_DATA RECORDS_

----

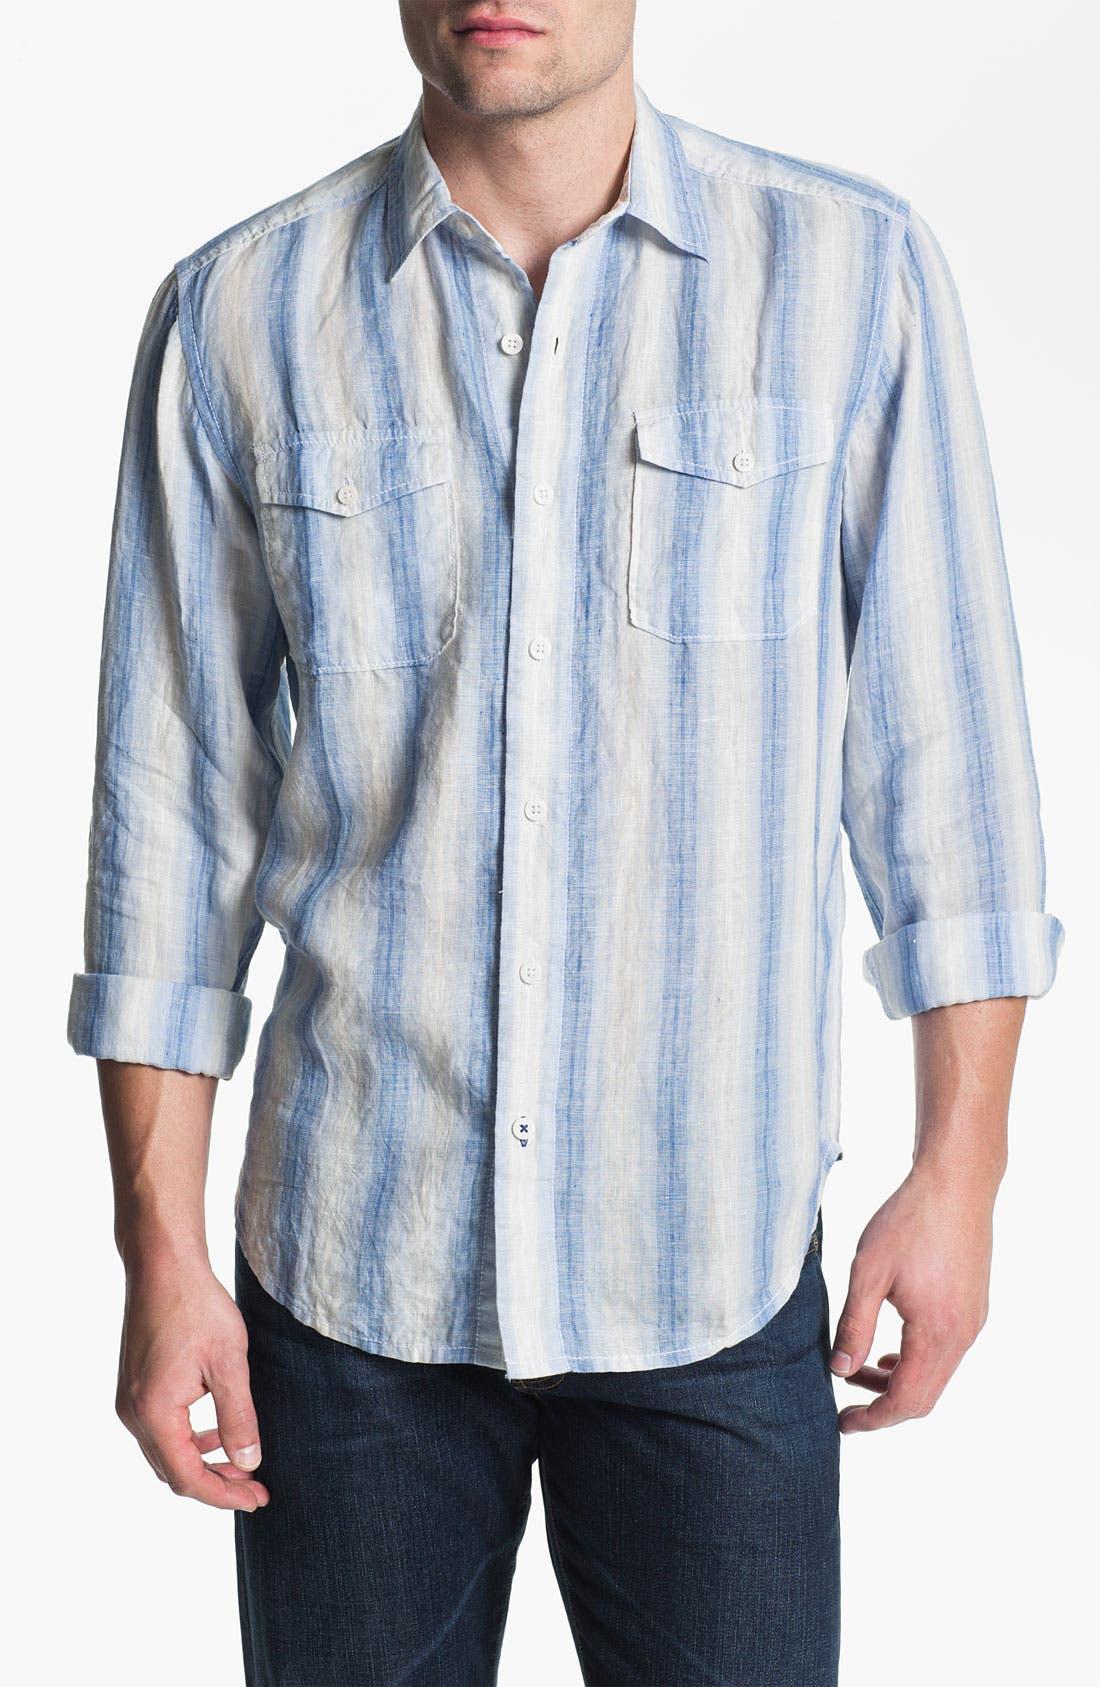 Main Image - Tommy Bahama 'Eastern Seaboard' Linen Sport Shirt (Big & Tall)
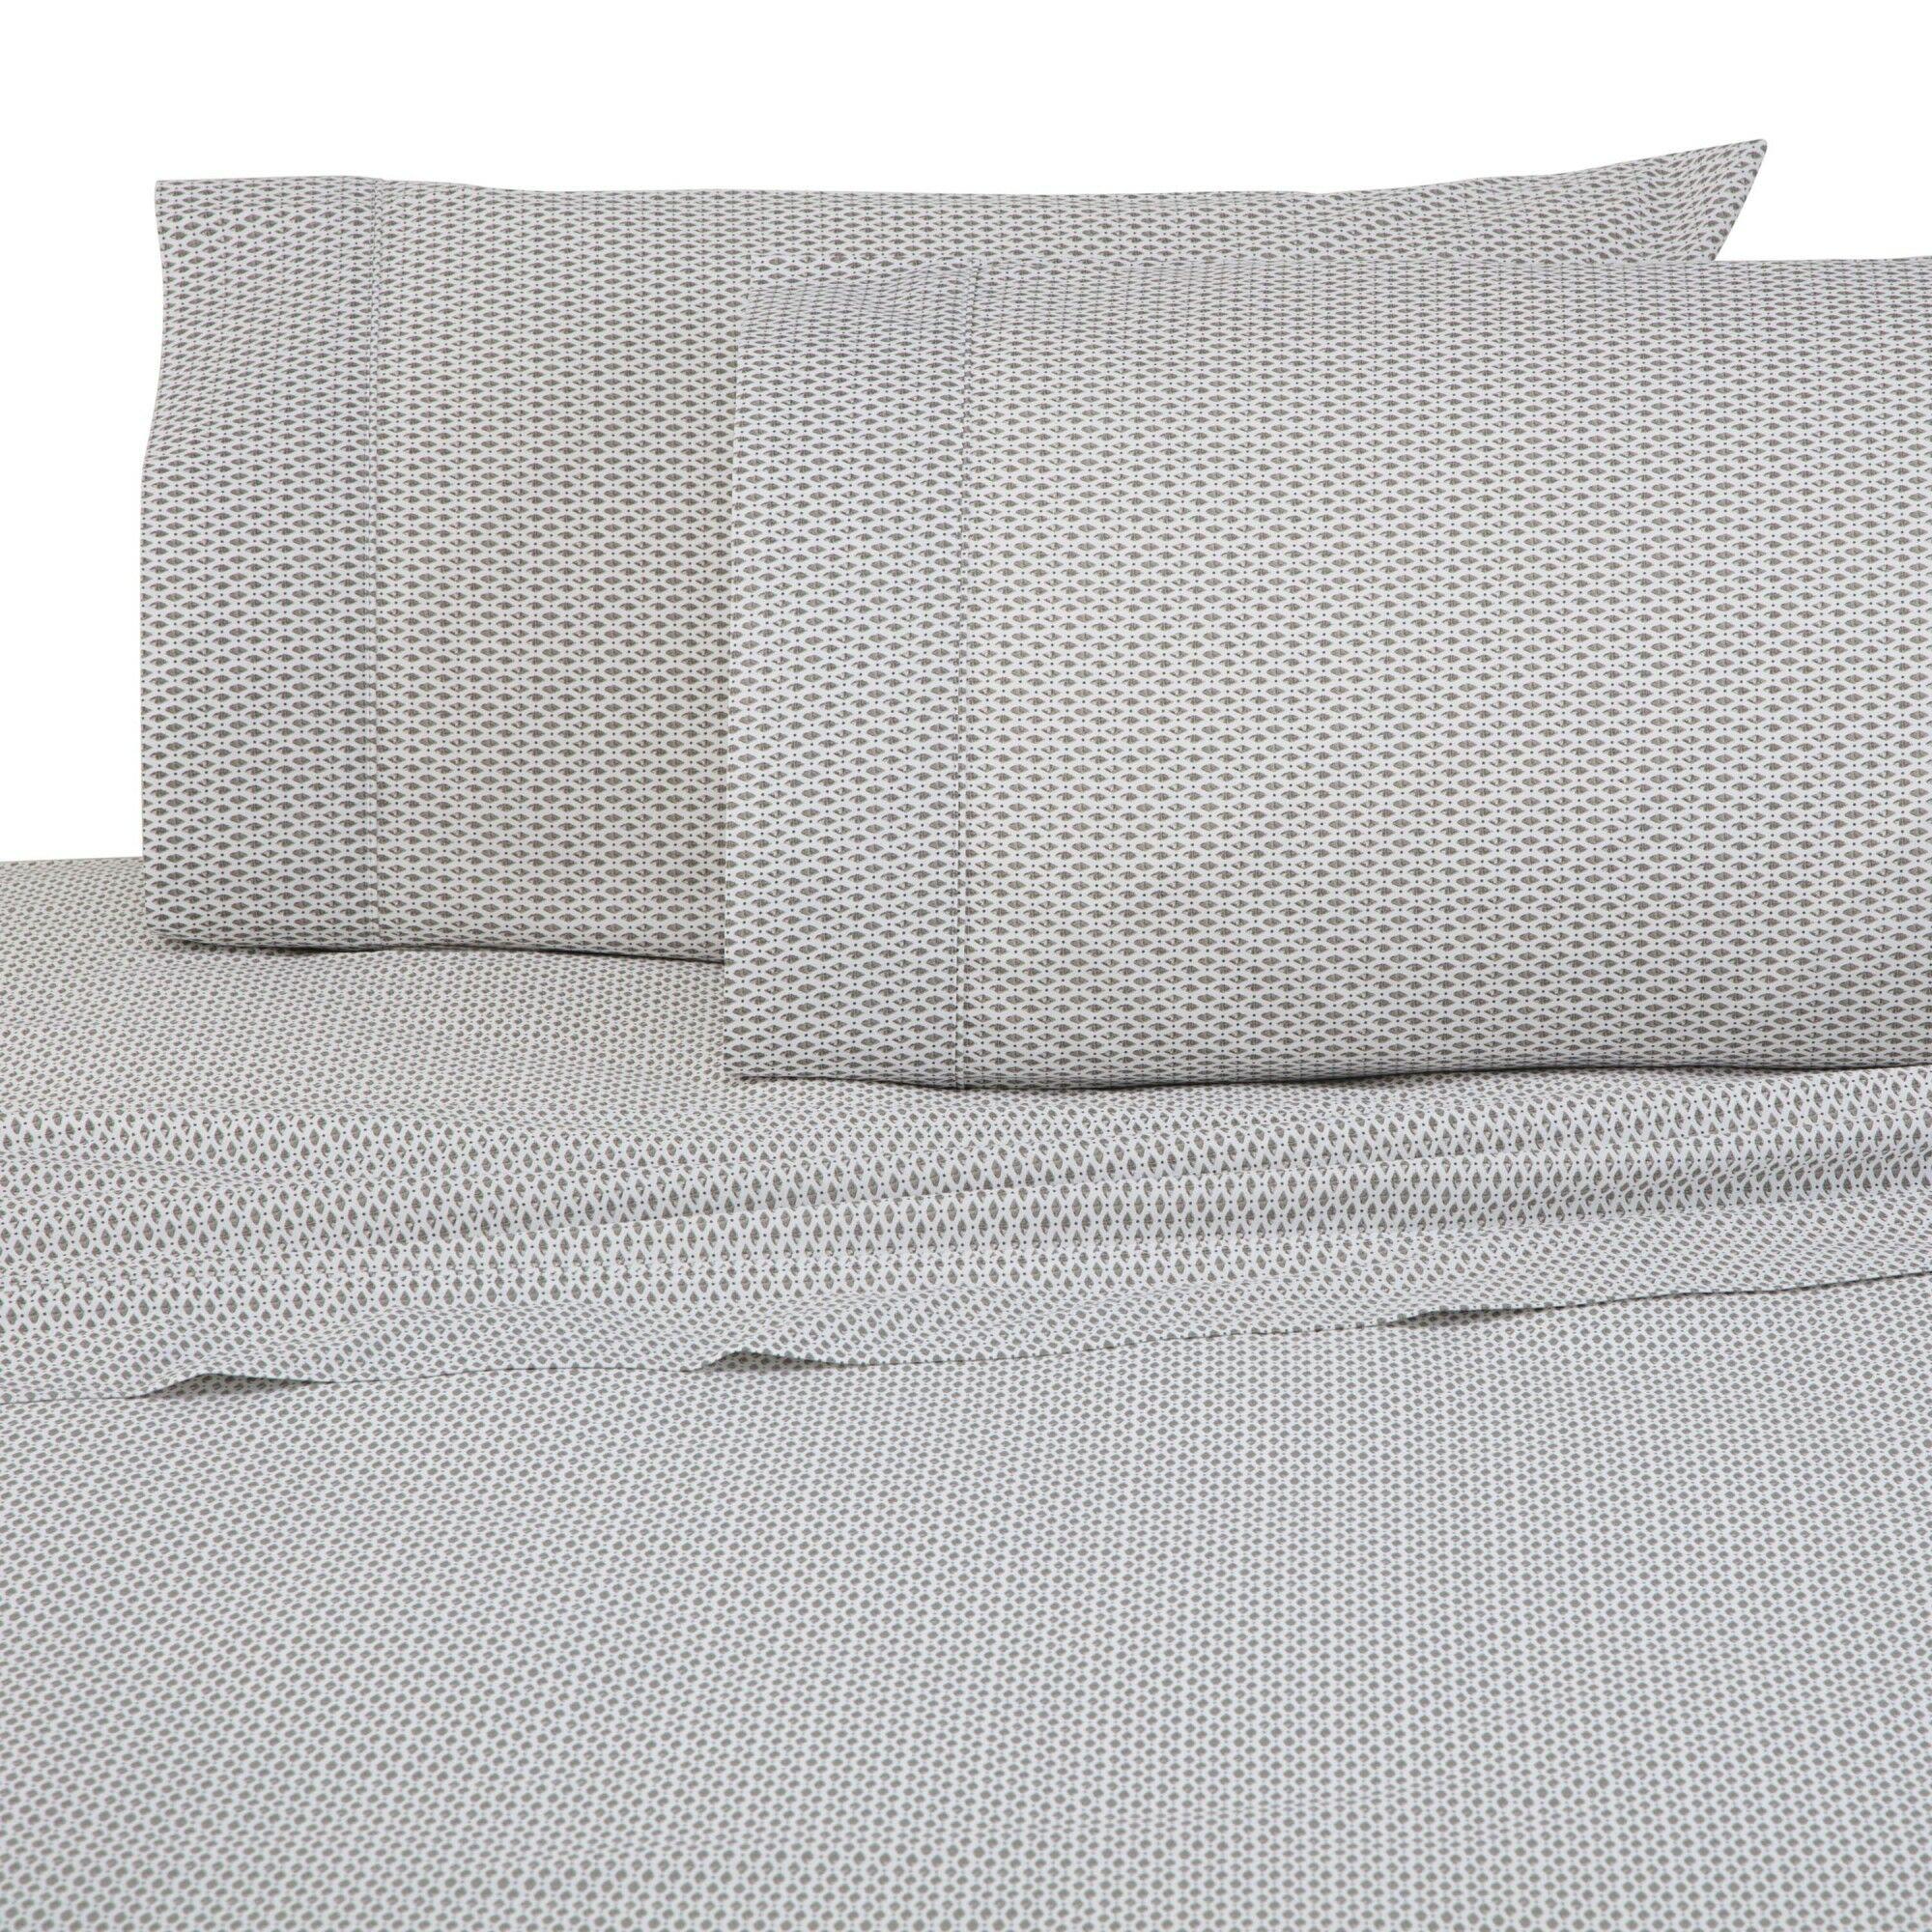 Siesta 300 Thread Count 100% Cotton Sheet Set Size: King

----

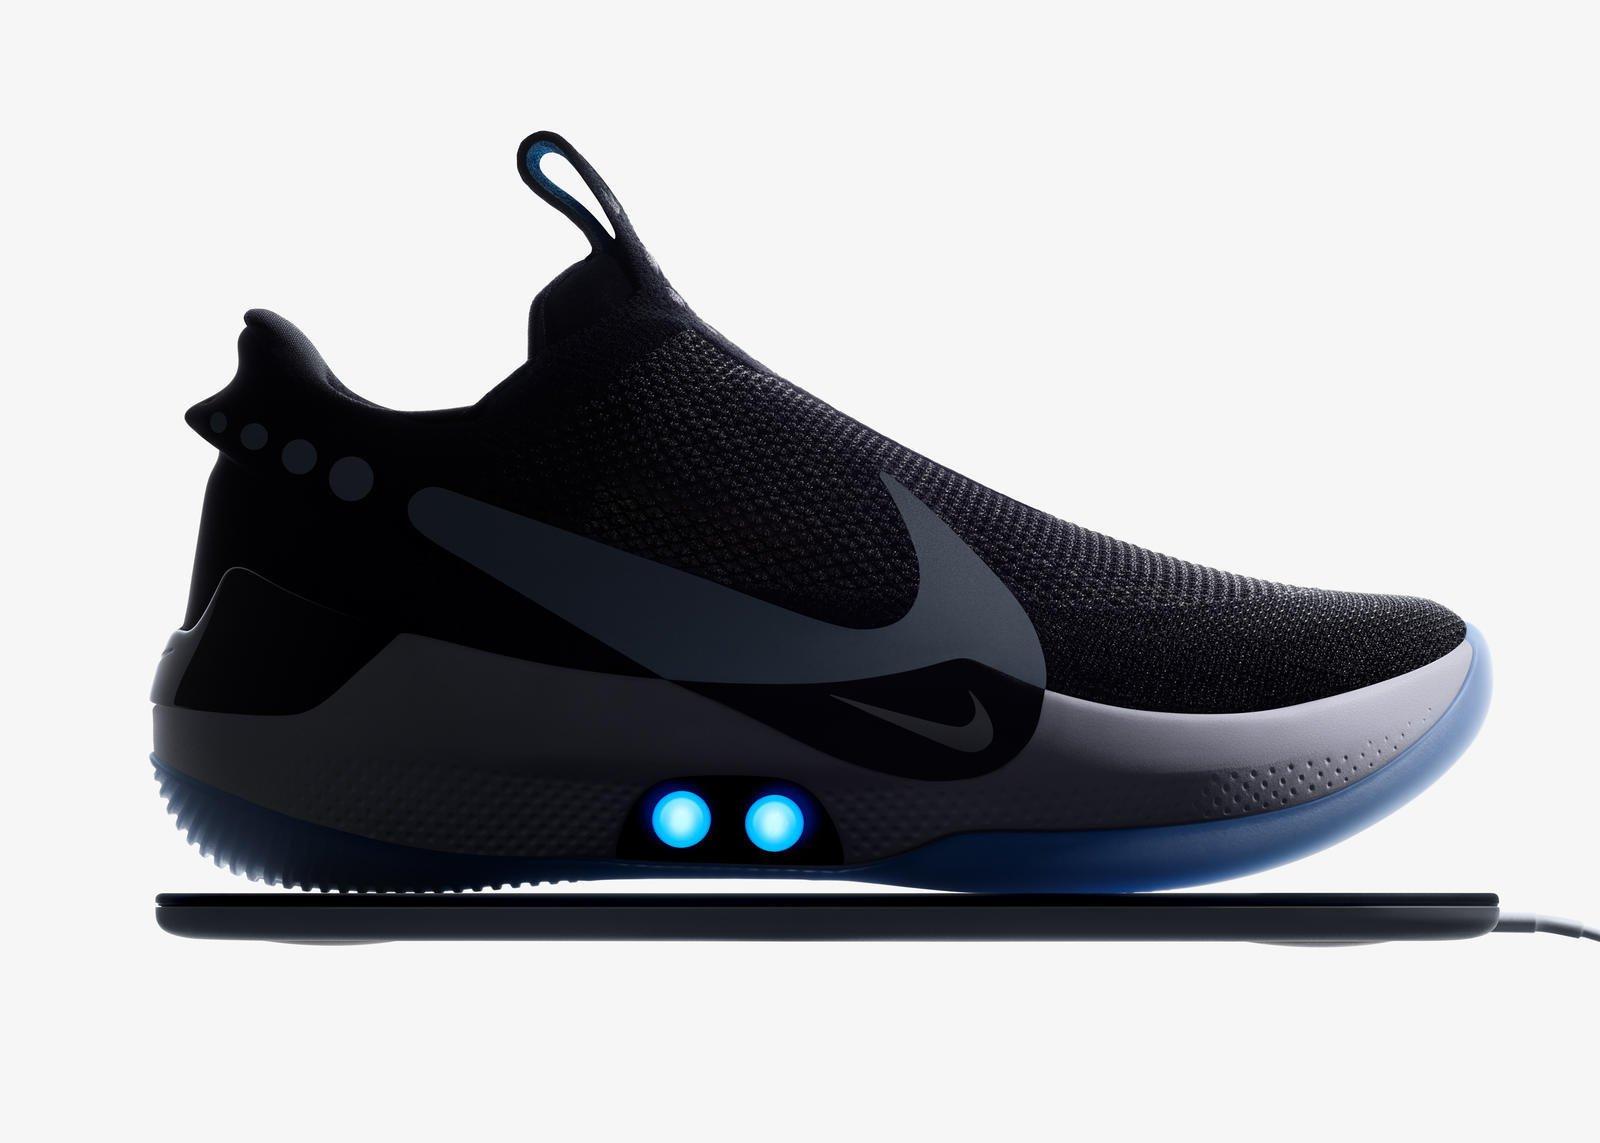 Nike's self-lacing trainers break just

----

_PROMPT_
Copy word for word the lines of the records above from the one with "Main Image - Tommy" up to and including the one with "Siesta 300 Thread". Skip the pictures.

_SOLUTION TO THIS EXERCISE_
 Main Image - Tommy Bahama 'Eastern Seaboard' Linen Sport Shirt (Big & Tall)
 Siesta 300 Thread Count 100% Cotton Sheet Set Size: King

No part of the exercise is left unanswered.